> _WHAT YOU HAVE TO DO_: Return only the lines of the data below from the line with "Dolce & Gabbana" up to and including the line with "aerial photograph of", exactly as written, with the pictures omitted.

> _MATERIALS PROVIDED_:
..............................
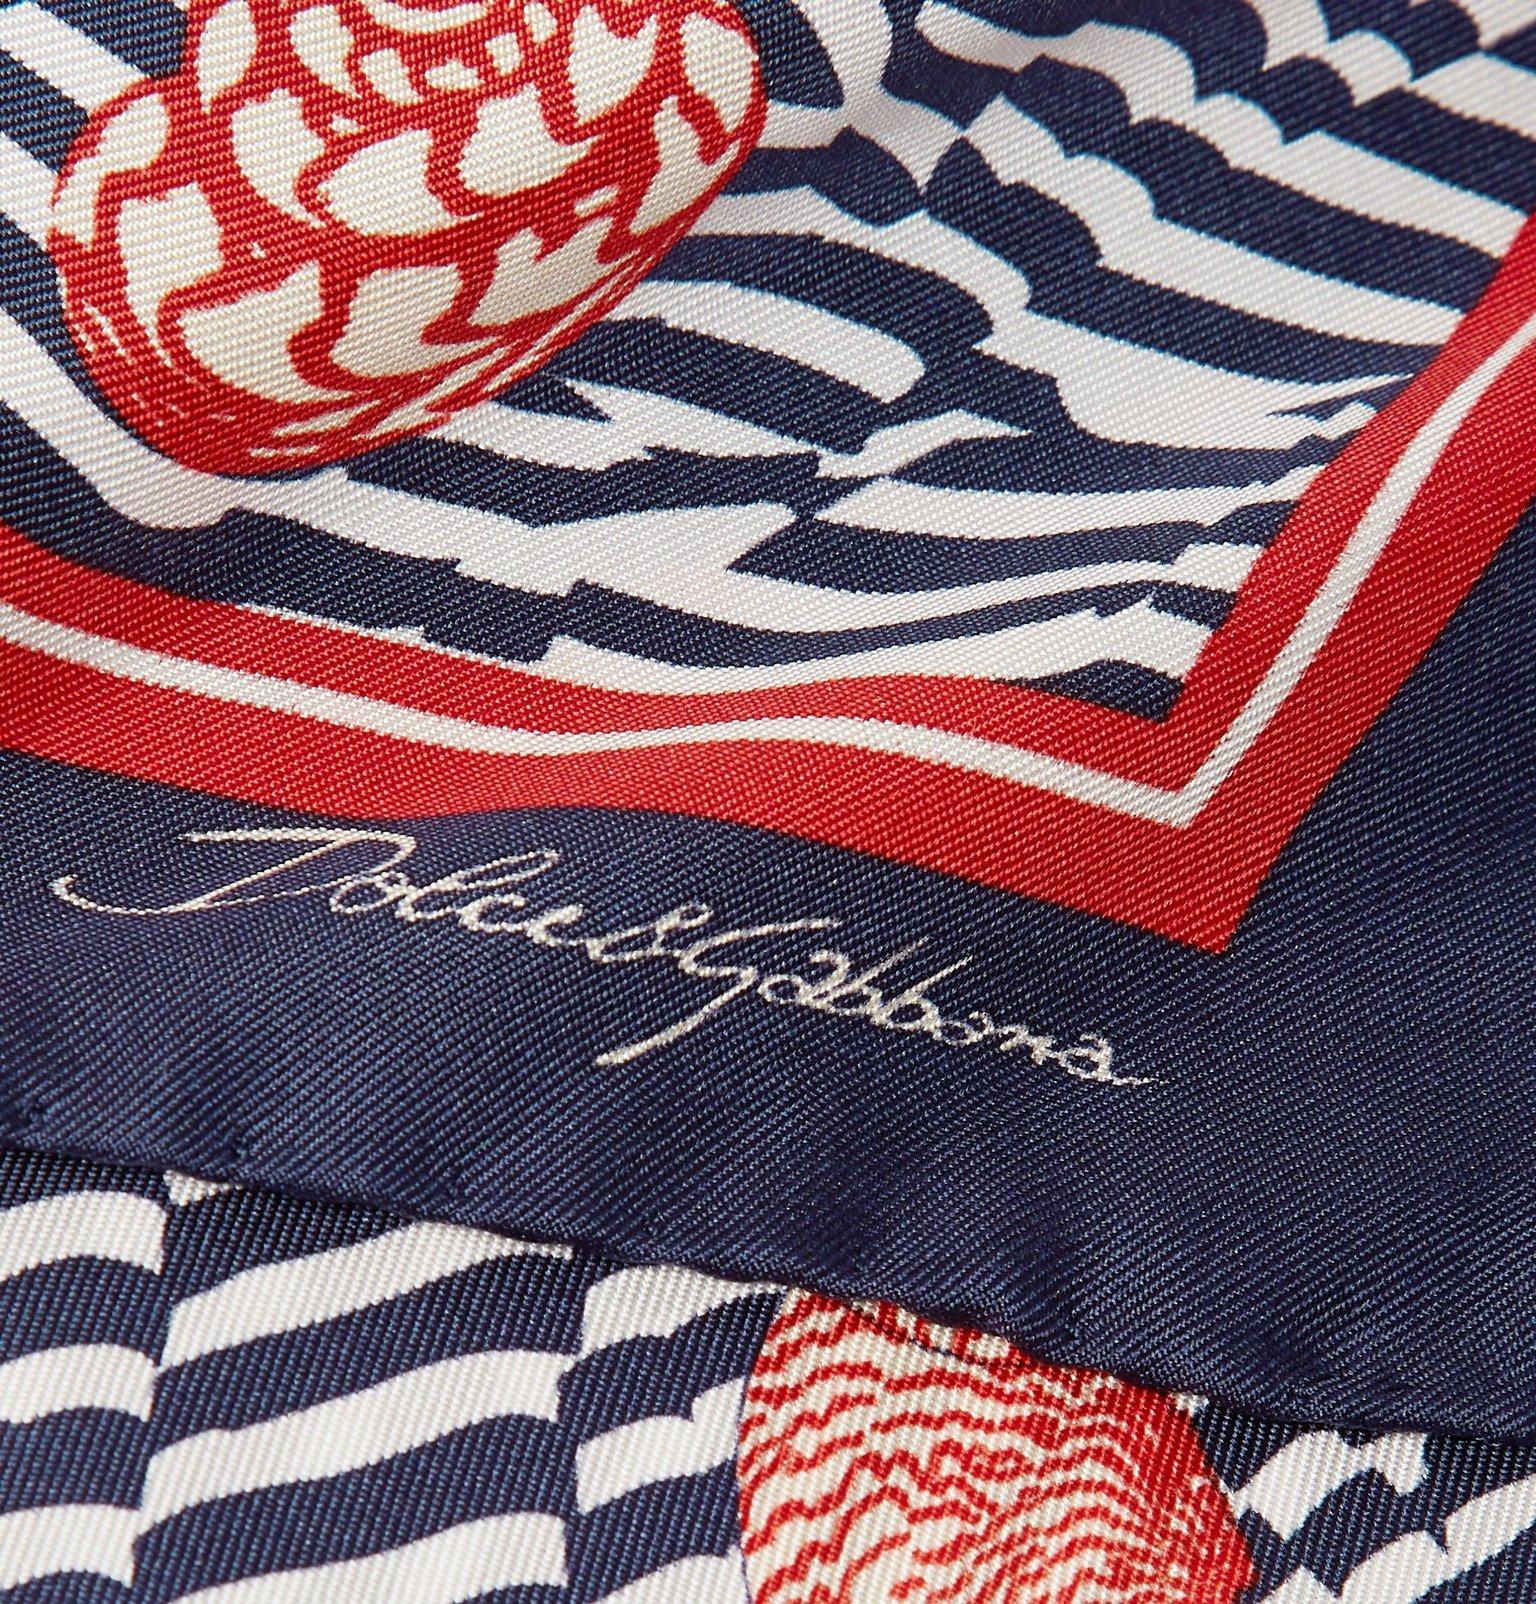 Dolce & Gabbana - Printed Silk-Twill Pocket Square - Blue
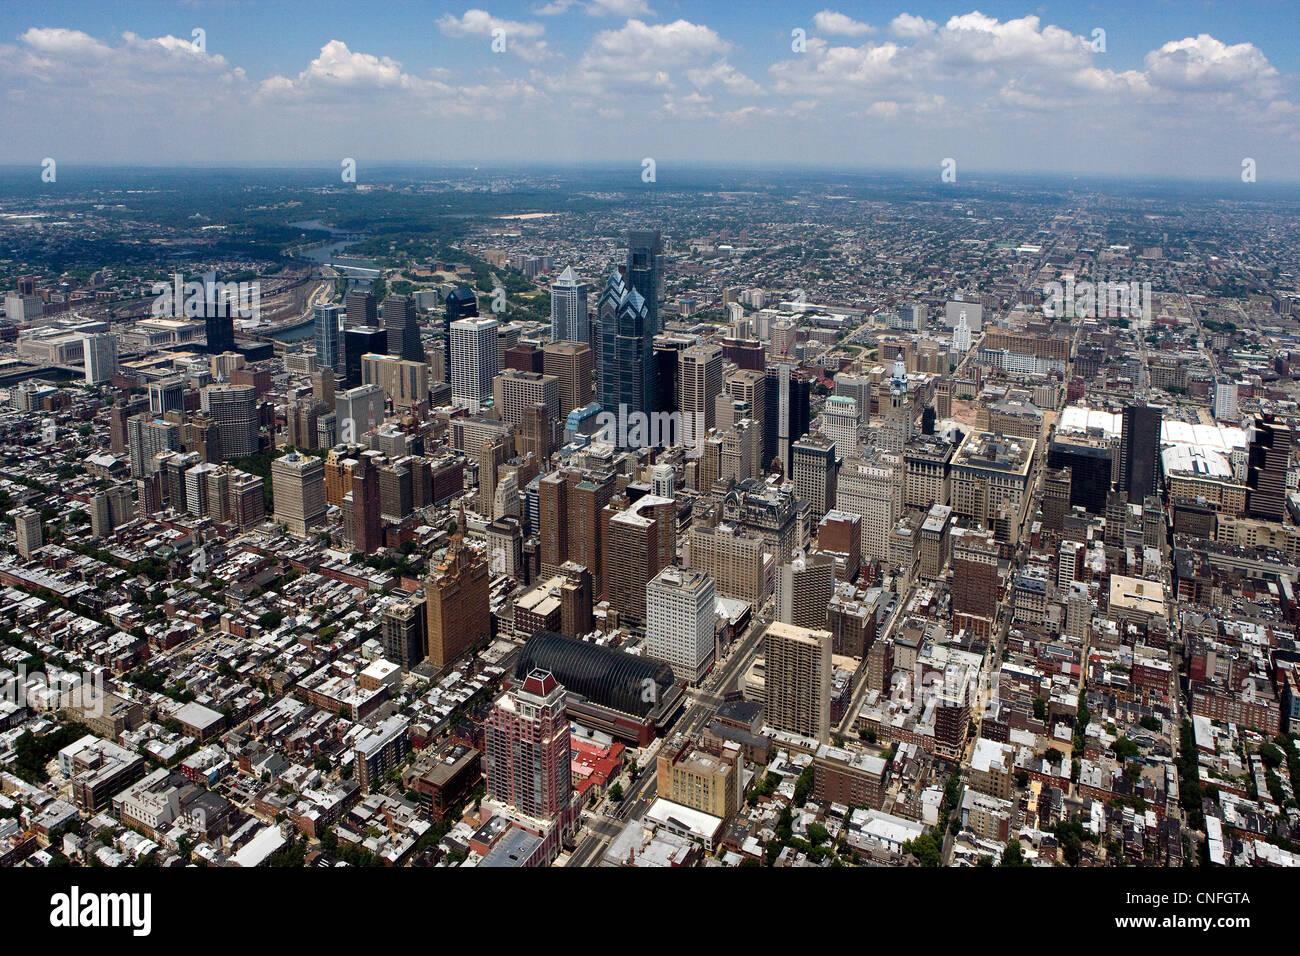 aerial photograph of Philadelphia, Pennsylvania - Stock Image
..............................
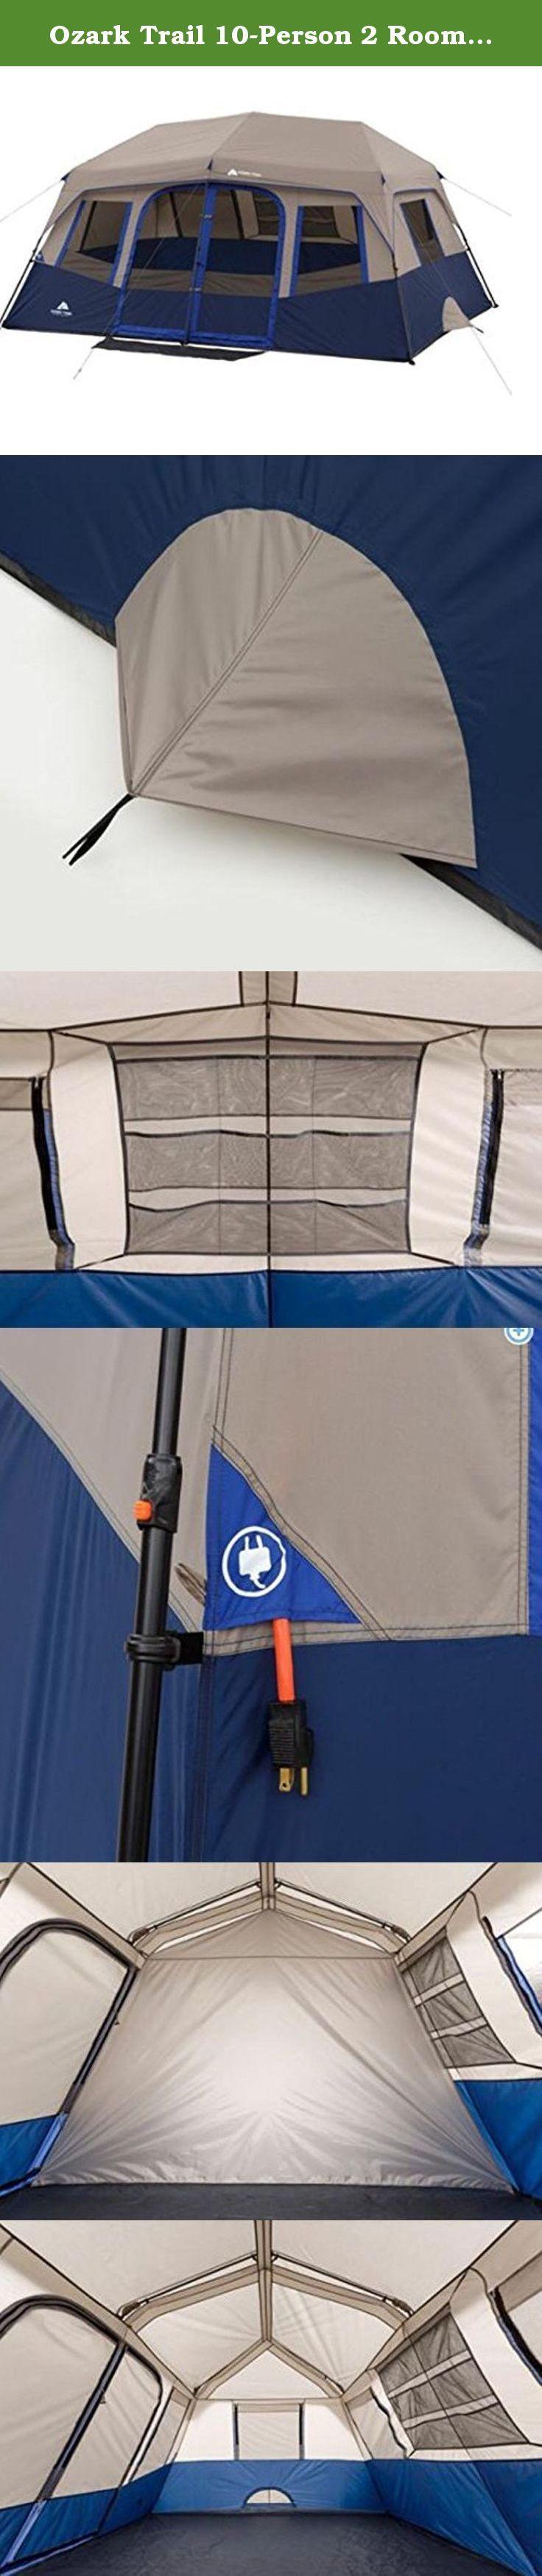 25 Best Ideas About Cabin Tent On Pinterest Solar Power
..............................
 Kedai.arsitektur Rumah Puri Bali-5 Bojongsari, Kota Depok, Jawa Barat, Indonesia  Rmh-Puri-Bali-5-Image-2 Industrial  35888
..............................
> _ANSWER TO THIS EXERCISE_:
 Dolce & Gabbana - Printed Silk-Twill Pocket Square - Blue
 aerial photograph of Philadelphia, Pennsylvania - Stock Image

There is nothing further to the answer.